Task goal ->
Range to reproduce from the entries below: the line with "Used 2001 Ford Expedition", the line with "Alexander Calder Galerie", and every line in between. Give them exactly and give nothing else.

Records from a dataset

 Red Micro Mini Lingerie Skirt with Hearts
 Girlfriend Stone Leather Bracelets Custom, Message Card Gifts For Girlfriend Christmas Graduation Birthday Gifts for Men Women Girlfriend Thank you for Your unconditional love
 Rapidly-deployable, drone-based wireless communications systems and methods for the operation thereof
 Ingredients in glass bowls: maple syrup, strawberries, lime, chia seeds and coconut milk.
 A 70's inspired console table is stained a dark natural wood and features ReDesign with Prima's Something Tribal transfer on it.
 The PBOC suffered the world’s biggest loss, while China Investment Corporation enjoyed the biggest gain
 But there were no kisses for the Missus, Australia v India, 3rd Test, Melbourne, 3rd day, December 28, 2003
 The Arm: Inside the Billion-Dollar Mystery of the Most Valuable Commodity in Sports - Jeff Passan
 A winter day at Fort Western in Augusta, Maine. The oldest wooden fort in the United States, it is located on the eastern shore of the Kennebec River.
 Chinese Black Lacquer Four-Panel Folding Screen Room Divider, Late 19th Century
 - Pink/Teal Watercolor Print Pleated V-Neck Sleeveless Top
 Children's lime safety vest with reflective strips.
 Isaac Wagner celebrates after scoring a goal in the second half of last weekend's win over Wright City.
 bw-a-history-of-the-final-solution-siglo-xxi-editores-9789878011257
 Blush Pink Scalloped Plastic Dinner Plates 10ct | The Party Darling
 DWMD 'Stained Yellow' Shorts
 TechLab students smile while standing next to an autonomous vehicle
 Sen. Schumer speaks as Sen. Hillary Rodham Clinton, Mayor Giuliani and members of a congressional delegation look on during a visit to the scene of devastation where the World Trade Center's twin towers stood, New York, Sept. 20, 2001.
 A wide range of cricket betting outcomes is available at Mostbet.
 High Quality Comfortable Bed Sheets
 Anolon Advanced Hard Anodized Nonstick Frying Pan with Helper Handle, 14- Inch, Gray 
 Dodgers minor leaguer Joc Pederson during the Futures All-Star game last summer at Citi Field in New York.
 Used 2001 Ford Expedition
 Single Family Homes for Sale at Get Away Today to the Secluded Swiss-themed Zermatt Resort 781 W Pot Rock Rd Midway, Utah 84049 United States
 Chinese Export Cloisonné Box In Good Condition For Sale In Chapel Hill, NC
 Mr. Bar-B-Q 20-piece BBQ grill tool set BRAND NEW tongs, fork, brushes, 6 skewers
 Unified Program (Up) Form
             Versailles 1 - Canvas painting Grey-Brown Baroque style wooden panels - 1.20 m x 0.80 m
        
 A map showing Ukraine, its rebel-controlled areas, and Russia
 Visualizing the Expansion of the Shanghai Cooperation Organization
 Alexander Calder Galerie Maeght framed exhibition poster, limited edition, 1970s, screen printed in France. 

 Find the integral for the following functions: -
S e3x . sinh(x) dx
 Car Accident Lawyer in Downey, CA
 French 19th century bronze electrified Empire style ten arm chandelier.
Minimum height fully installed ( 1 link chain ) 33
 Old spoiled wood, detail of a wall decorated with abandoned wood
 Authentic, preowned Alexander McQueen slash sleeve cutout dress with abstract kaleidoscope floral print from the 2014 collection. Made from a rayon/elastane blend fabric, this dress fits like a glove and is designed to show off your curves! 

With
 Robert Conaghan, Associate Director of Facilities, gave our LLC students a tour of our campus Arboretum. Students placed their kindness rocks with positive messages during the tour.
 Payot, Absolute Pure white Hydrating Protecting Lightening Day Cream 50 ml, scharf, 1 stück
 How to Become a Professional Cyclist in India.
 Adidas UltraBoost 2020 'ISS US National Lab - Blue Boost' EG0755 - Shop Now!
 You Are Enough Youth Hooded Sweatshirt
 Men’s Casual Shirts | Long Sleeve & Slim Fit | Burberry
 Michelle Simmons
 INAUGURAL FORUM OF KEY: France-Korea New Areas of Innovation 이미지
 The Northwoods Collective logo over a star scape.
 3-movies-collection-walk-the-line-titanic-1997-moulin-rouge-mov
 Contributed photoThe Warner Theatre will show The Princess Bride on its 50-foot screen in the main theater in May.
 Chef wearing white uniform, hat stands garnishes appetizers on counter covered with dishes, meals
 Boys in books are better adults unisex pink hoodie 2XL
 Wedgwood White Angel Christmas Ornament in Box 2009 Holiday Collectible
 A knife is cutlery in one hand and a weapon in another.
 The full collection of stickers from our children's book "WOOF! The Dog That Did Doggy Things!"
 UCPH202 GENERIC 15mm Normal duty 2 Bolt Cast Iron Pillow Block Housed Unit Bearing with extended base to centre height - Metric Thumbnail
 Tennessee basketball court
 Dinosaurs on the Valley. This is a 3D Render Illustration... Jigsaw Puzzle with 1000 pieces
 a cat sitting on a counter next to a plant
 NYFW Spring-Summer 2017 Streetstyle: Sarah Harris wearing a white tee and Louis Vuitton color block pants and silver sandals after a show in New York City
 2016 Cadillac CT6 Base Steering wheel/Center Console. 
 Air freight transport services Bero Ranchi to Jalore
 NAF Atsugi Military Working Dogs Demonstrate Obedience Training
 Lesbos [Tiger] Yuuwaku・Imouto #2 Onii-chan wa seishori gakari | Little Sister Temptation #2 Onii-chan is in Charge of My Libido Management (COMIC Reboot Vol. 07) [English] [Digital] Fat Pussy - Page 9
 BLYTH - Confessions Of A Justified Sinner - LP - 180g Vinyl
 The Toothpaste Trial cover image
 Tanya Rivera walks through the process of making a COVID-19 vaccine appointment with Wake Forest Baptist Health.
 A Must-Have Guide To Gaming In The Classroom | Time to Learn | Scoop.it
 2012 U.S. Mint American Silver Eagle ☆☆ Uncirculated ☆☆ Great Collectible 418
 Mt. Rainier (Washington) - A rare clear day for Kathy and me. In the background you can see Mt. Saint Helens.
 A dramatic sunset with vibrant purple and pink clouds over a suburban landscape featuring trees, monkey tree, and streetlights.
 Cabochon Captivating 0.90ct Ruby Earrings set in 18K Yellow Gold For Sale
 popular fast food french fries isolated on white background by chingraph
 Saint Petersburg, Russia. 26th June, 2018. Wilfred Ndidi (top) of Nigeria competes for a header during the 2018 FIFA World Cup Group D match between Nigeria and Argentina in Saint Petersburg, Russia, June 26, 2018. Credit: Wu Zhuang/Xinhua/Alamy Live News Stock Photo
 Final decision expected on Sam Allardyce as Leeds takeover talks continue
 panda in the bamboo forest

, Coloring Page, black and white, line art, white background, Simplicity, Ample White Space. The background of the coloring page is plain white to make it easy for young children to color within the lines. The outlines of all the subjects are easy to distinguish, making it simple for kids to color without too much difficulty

Exercise answer ->
 Used 2001 Ford Expedition
 Single Family Homes for Sale at Get Away Today to the Secluded Swiss-themed Zermatt Resort 781 W Pot Rock Rd Midway, Utah 84049 United States
 Chinese Export Cloisonné Box In Good Condition For Sale In Chapel Hill, NC
 Mr. Bar-B-Q 20-piece BBQ grill tool set BRAND NEW tongs, fork, brushes, 6 skewers
 Unified Program (Up) Form
             Versailles 1 - Canvas painting Grey-Brown Baroque style wooden panels - 1.20 m x 0.80 m
        
 A map showing Ukraine, its rebel-controlled areas, and Russia
 Visualizing the Expansion of the Shanghai Cooperation Organization
 Alexander Calder Galerie Maeght framed exhibition poster, limited edition, 1970s, screen printed in France. 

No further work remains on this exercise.